Fox News journalist Greta Van Susteren and I are looking at children who are literally starving to death. This was a white Toyota with mud wiped all over it to camouflage it from the government of Sudan’s bombers so we wouldn’t be a target as we drove.
Our team in front of our DC-3 cargo plane that can fly food and supplies.
I appreciate Greta taking her time to travel and to risk her life to go into a war zone to see firsthand what is happening to these people. Greta is pictured in the Yida refugee camp with Lorelee Planas and Kelly Nau. Lorelee is a Fiipino midwife who has helped many babies be born, and there are many children now in the camp named after her. Kelly runs the nutrition compound and is responsible for keeping hundreds alive.
Russian-made bombers drop bombs on the Nuba people every day. They are living in caves and between rocks for shelter.
The roads were incredibly difficult to travel on. The only way into the Nubas is following dirt animal trails into the bush.
Deadly shrapnel is further evidence of the cruelty being inflicted on the Nuba people.

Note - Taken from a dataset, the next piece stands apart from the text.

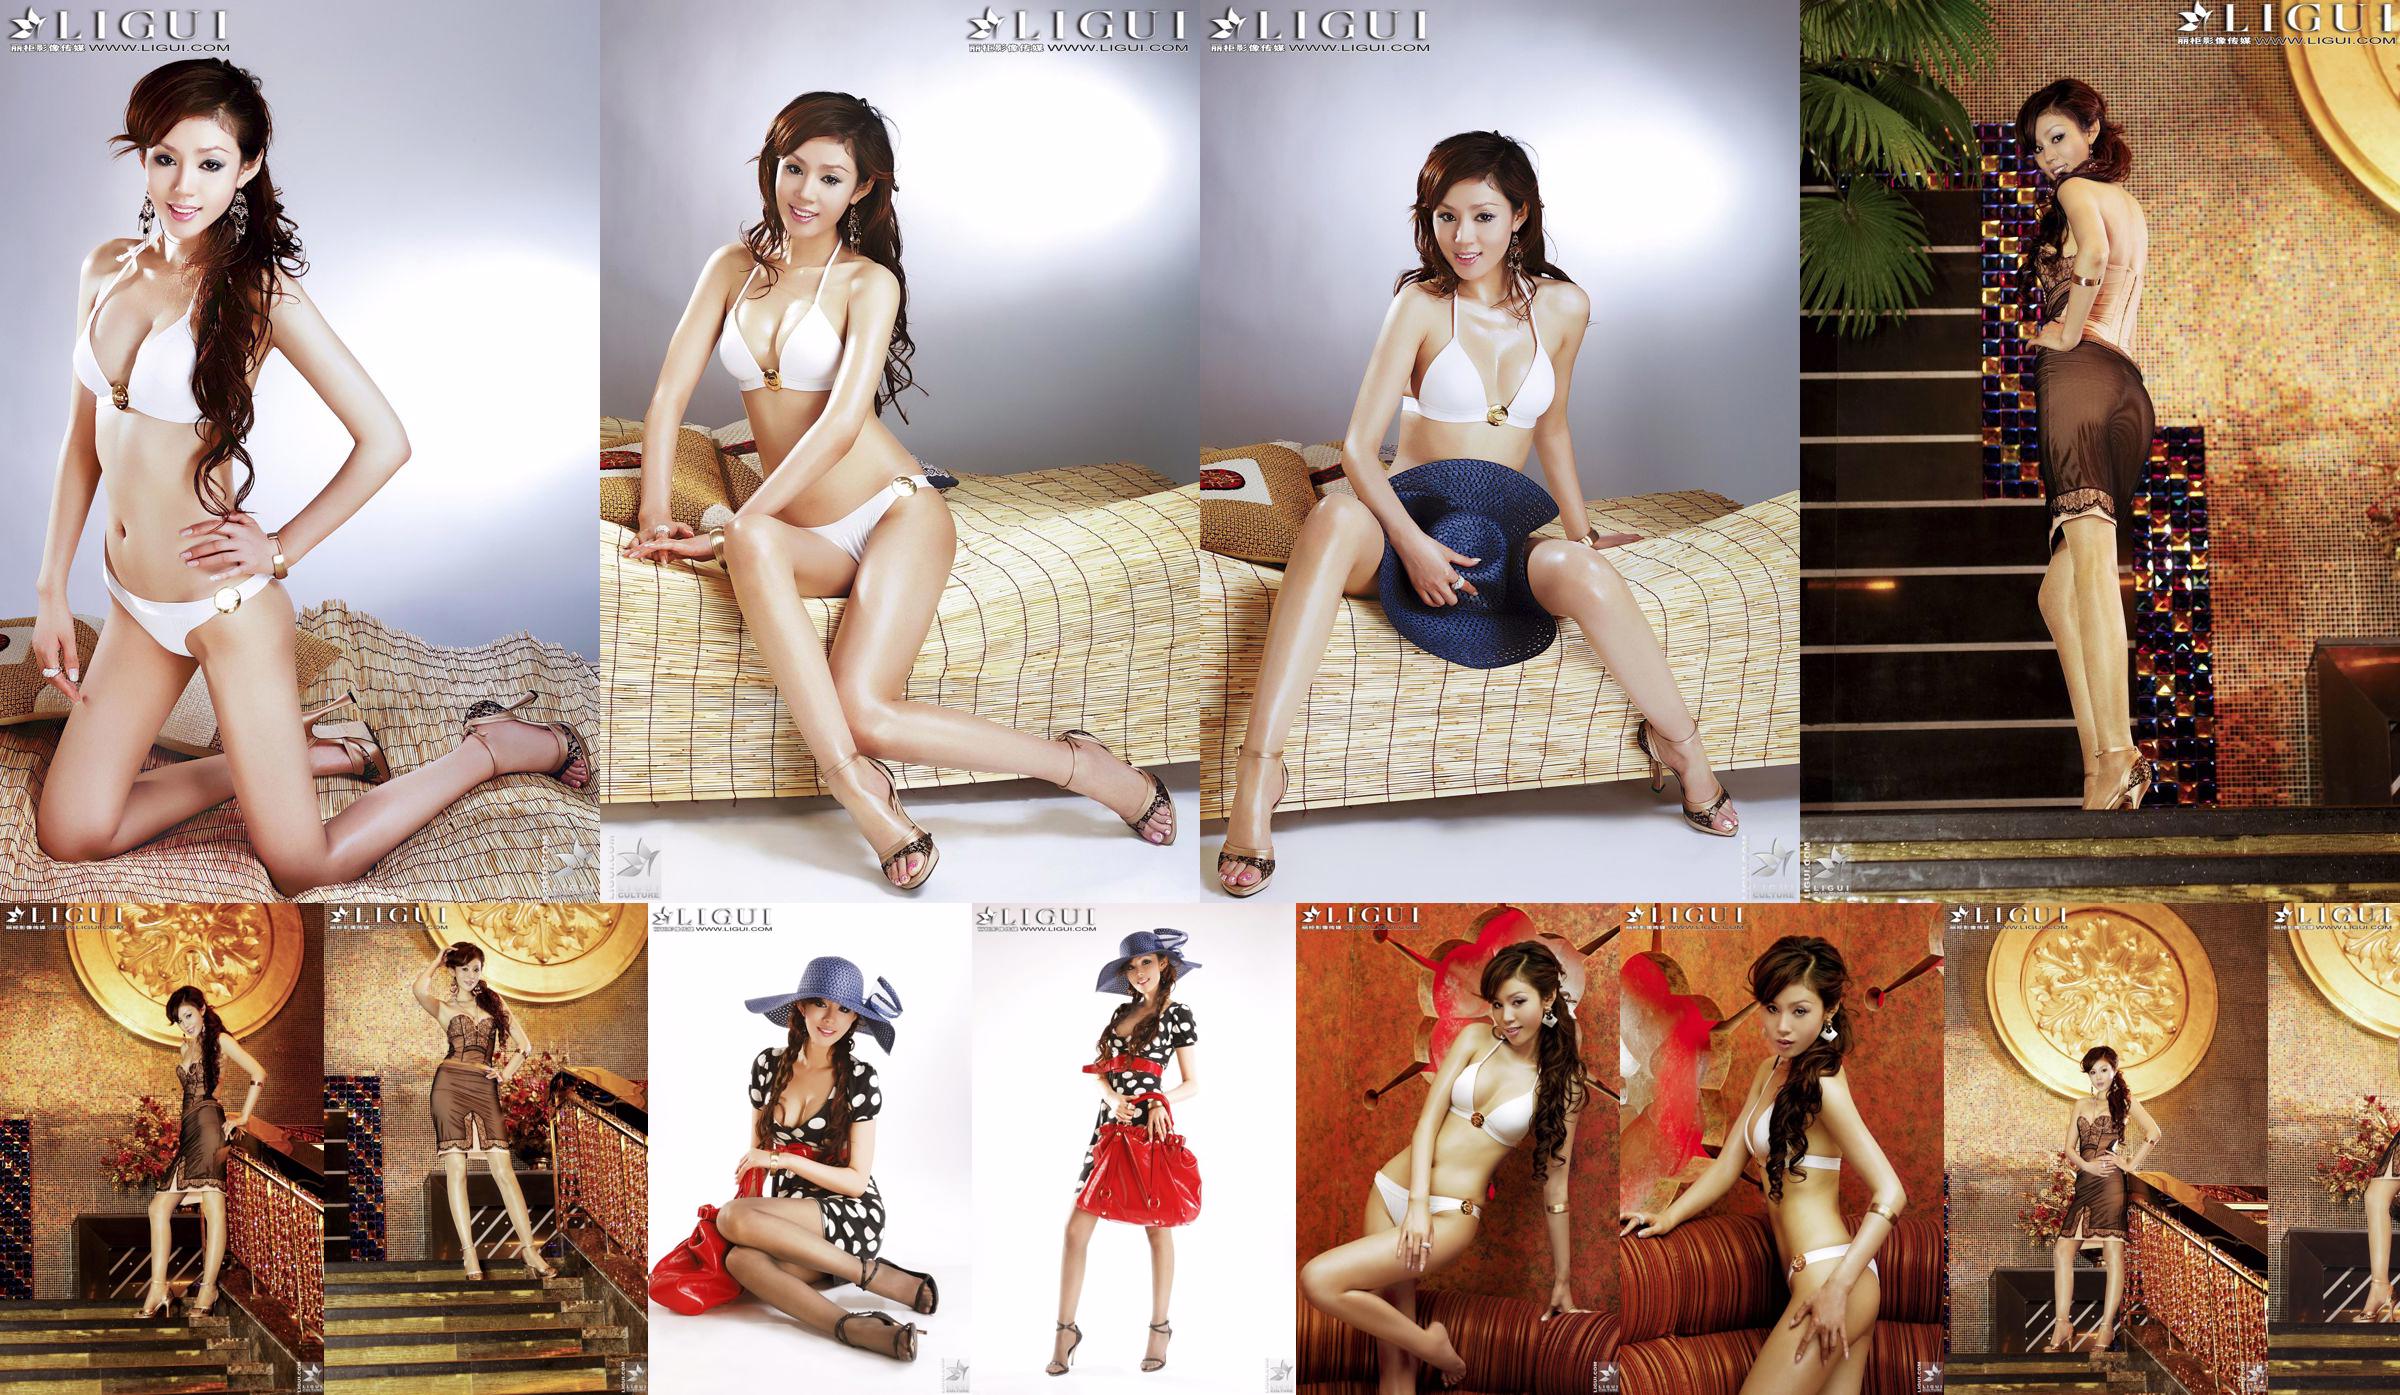 [丽 柜 LiGui] Foto de "Bikini + Vestido" de la modelo Yao Jinjin con hermosas piernas y pies sedosos No.36e8c5 Página 10

This exploded rocket, made in China, was filled with tens of thousands of ball bearings intended only to maim and kill people.
Greta and I, along with Fox News videographer Griff Jenkins, inspect a church, built by Samaritan’s Purse, that was shelled and destroyed at the beginning of the year. We will build it back, but right now the greatest need is for food. Even though the church was shelled, the cross still stands.

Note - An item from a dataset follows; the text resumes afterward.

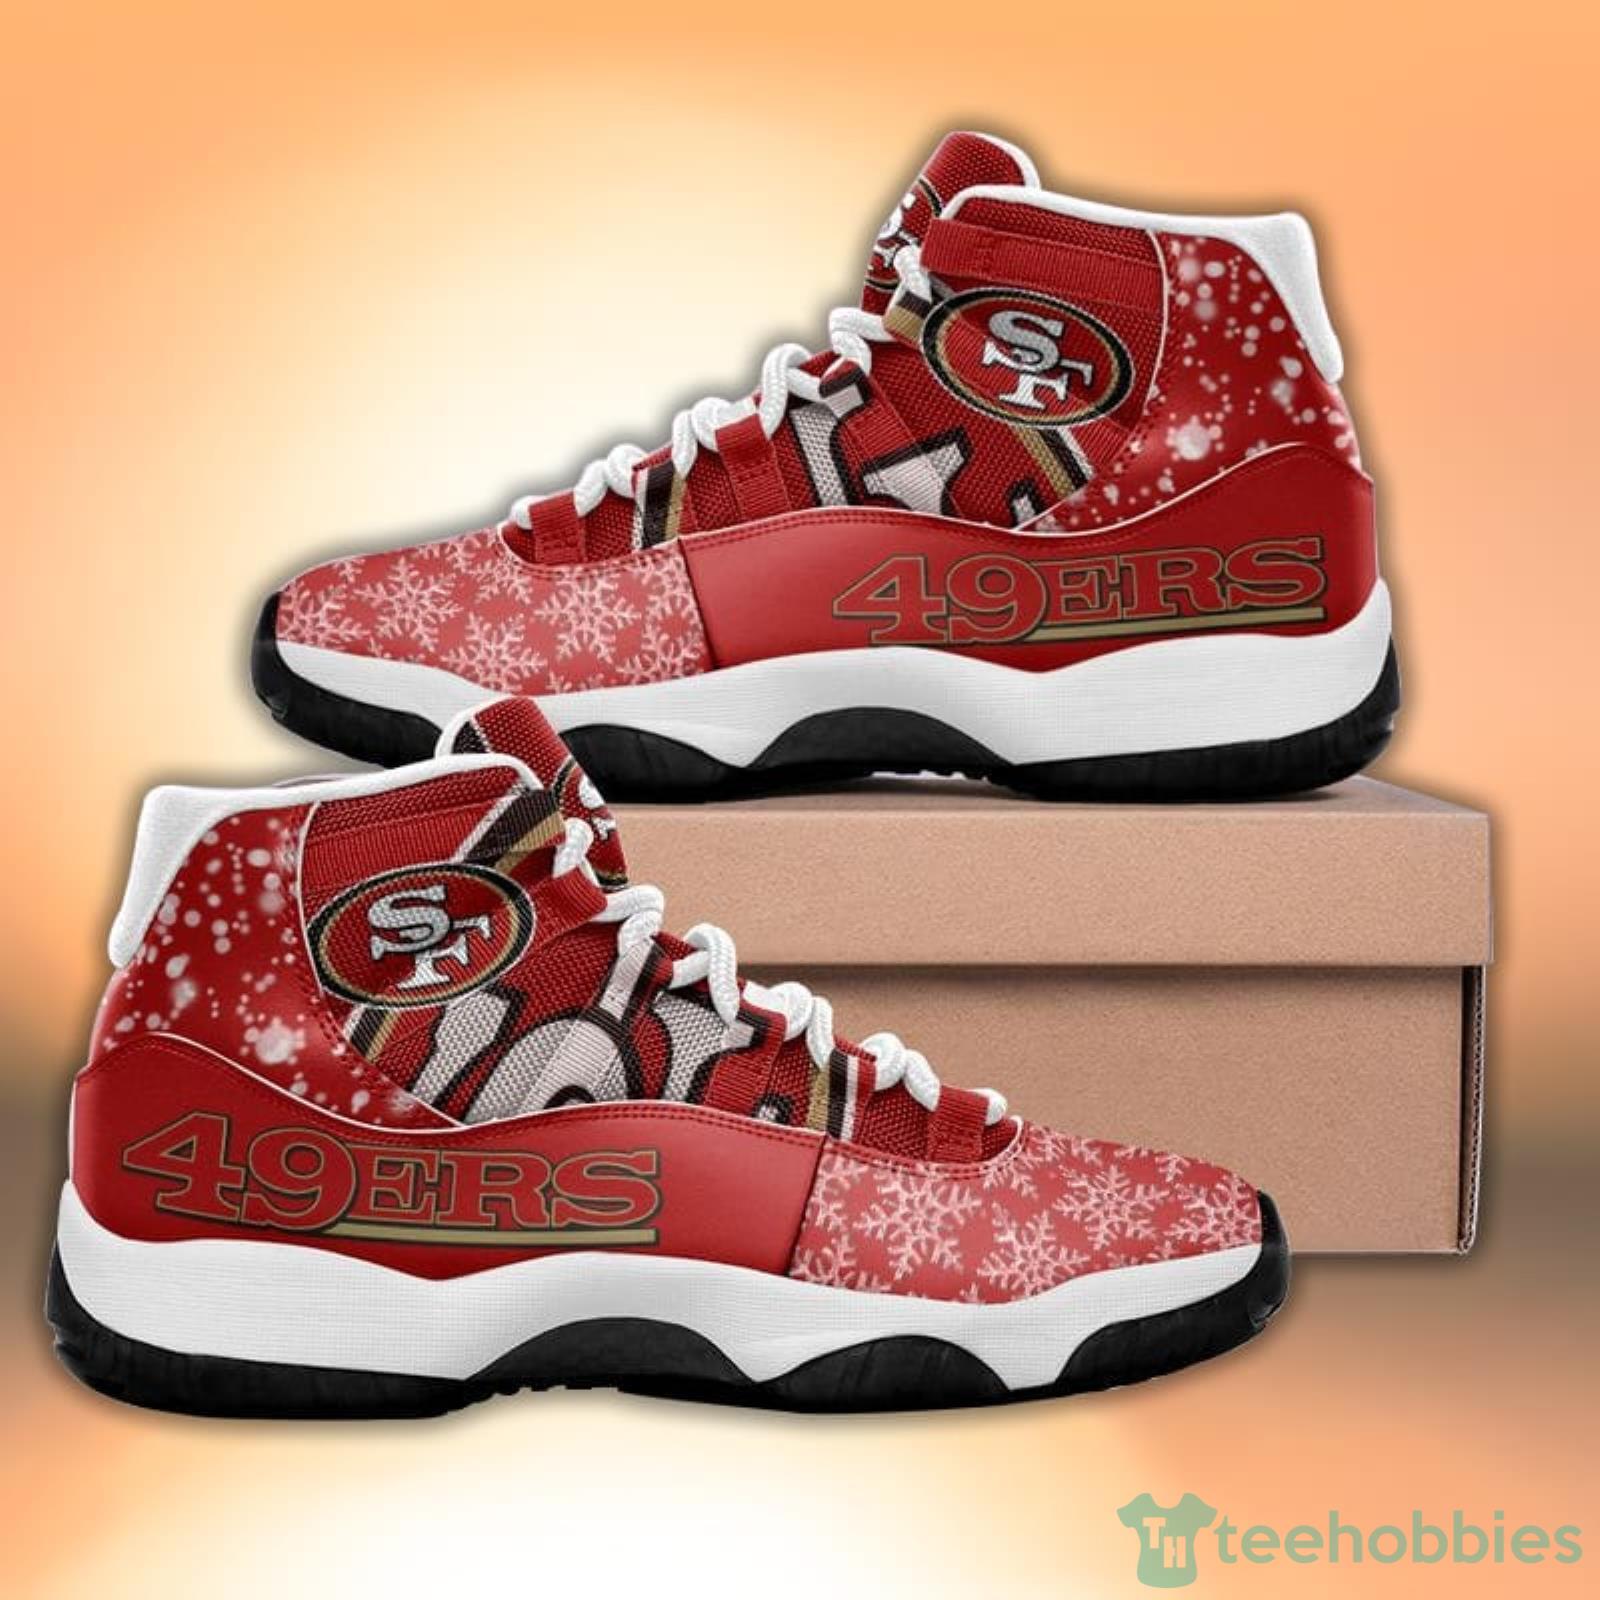 Chicago Bears NFL Personalized Air Jordan 11 Shoes Sneaker - Growkoc

Greta stands in a crater at a school where the Sudanese government dropped two bombs.
Greta and I meeting with the President of South Sudan, Salva Kiir.

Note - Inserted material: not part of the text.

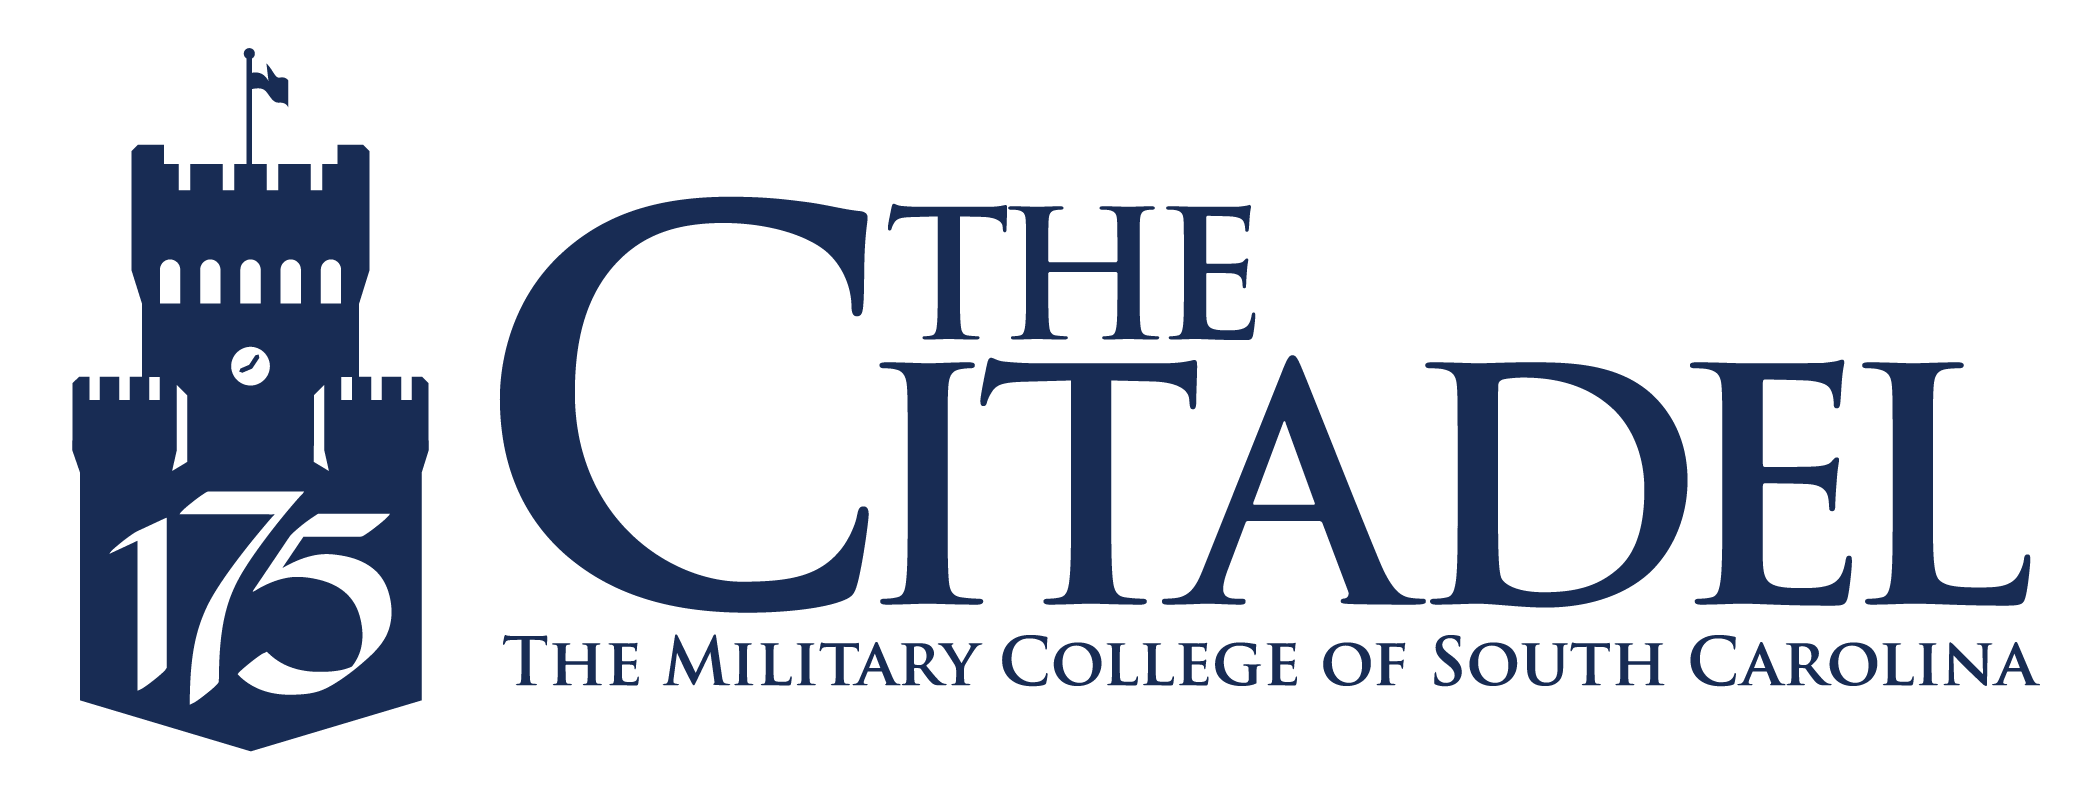 Citadel Logo - 175th Anniversary - The Citadel - Charleston, SC

I talked with some of the pastors while I was in Sudan. Christians that were afraid to meet in church buildings are meeting under a tree.
The Nuban people show me the little food they have to eat—bark, leaves, roots. Malnutrition is a serious problem.
Here they show me a small bag of bugs they are feeding the children.
I join Greta and Ken Isaacs, the Samaritan’s Purse Vice President of Programs, in inspecting a bombed tank that the government of Sudan used to kill, maim, and terrorize civilians in the Nuba Mountains.
In spite of the violence, this young boy was still able to smile.